Королевской кареты. От удивления Лазло стукнулся лбом о стекло. По длинной извилистой тропе шла процессия: не только карета, но и вереница солдат на конях – как спереди, так и сзади – в блестящих от солнца доспехах. Юноша прищурился. Один отряд отличался от остальных, но солдаты находились слишком далеко, чтобы толком их рассмотреть. Их доспехи не сверкали. Верховые животные двигались странной походкой. Тропа изогнулась по южной стороне хребта, и вскоре процессия исчезла из виду. Огромный белый орел полетел вслед за ними, а затем…
Возможно, Лазло отвел взгляд. Возможно, моргнул. Он такого не помнил, но в следующую секунду птица пропала. Вот она была – а вот ее не стало, и даже если юноша действительно моргнул, она не могла исчезнуть так быстро. Поблизости не было никакого укрытия, никакой ширмы, чтобы заслонить ее от глаз. Барабанная дробь крови и духа Лазло ускорилась. Птица испарилась.
– Эй, ты! – Философ начал злиться.
Лазло опустил на него взгляд и крикнул:
– Сегодня должна приехать королева?
– Что? Нет.
– К нам едет королевская карета.
Сидящие неподалеку ученые услышали его слова и подняли головы. По залу прошел ропот. Королевские визиты случались редко, и о них обычно объявлялось заранее. Вскоре ученые начали вставать из-за столов, бросая свои материалы, чтобы выйти на улицу и собраться в центральном дворе. Лазло спустился с лестницы и пошел с ними, даже не вслушиваясь в крики библиотекаря за справочным столом:
– Стрэндж, ты куда собрался?! Стрэндж!
Птица исчезла. Это магия. Лазло это знал, как знал и раньше. Что бы ни случилось с настоящим названием города, за этим стояло волшебство. Лазло никогда в этом не сомневался, но боялся, что так и не увидит тому доказательств. У него было три страха, сидящих внутри как проглоченные зубы, и когда он погружался слишком глубоко в свои мысли, они скрежетали, чтобы сожрать его изнутри.

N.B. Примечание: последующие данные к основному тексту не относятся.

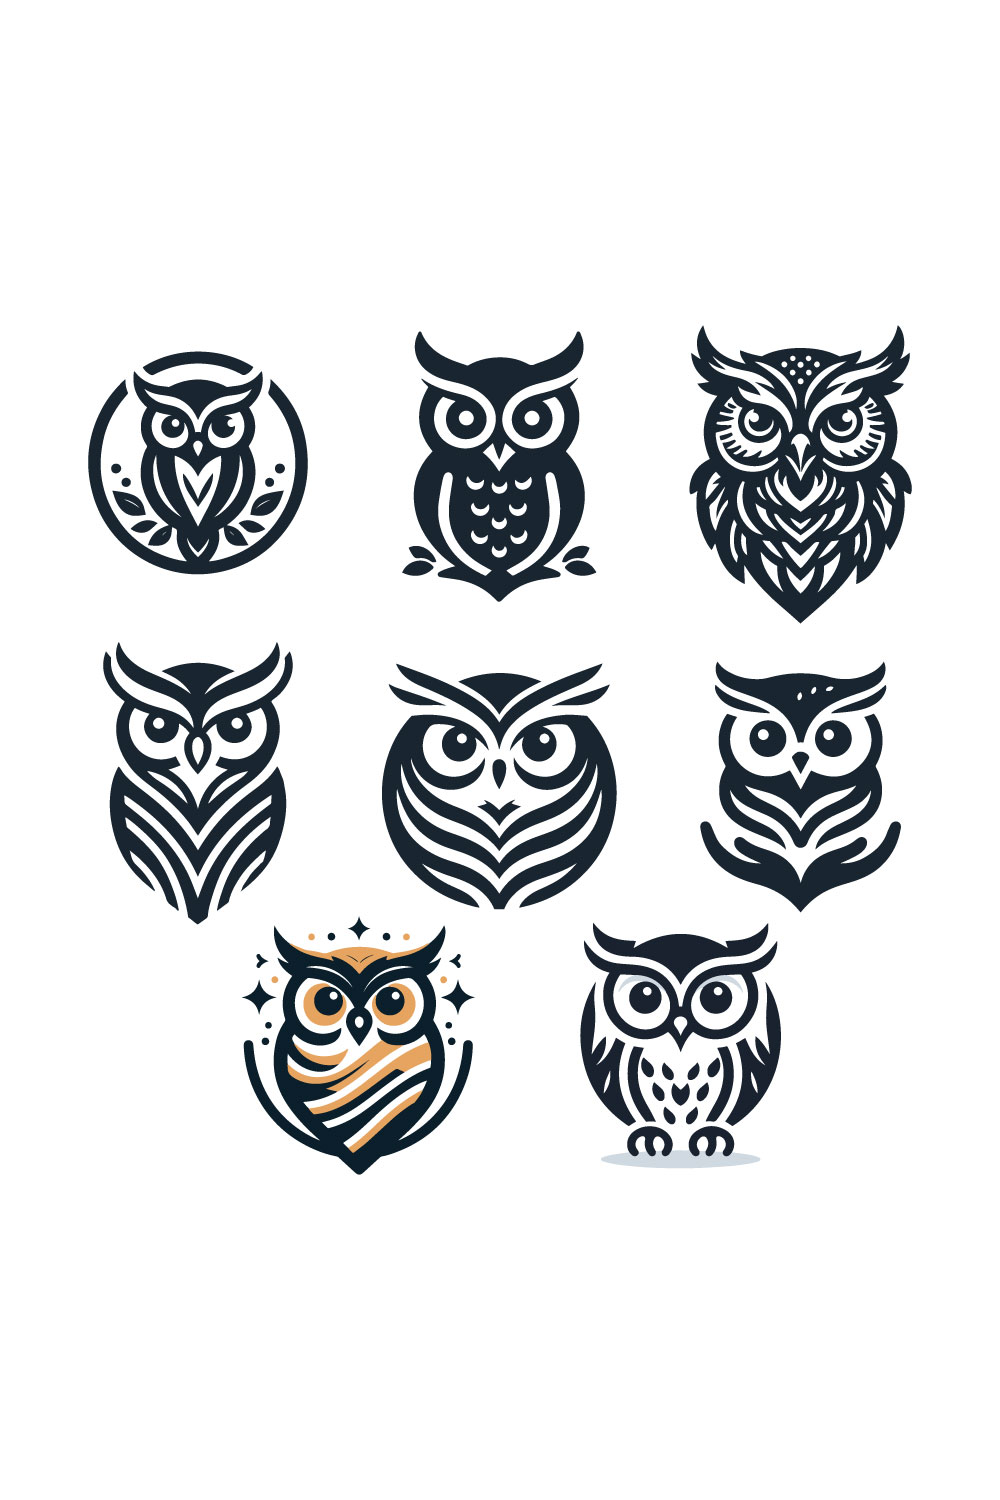 8 Owl Logos Vector Illustration pinterest preview image.

Первый страх: что он никогда не увидит доказательств существования магии.
Второй: что он никогда не узнает, что случилось в Плаче.
И третий: что он всегда будет таким же одиноким, как сейчас.
Всю его жизнь время текло единственным способом, который был ему известен: неспешно и спокойно, как песок, пересыпающийся песчинка за песчинкой по часам. И будь песочные часы реальными, то на их дне и шейке – прошлом и нынешнем – пески жизни Лазло были бы такими же серыми, как его мантия, серыми, как его глаза, зато верхушка – будущее – состояла бы из разноцветной бури оттенков: лазурного и коричного, ослепительно-белого и желто-золотого, а также розового, как кровь свитягора. Поэтому он надеялся, мечтал, что со временем, песчинка за песчинкой, серый уступит мечте, и пески его жизни окрасятся яркими красками.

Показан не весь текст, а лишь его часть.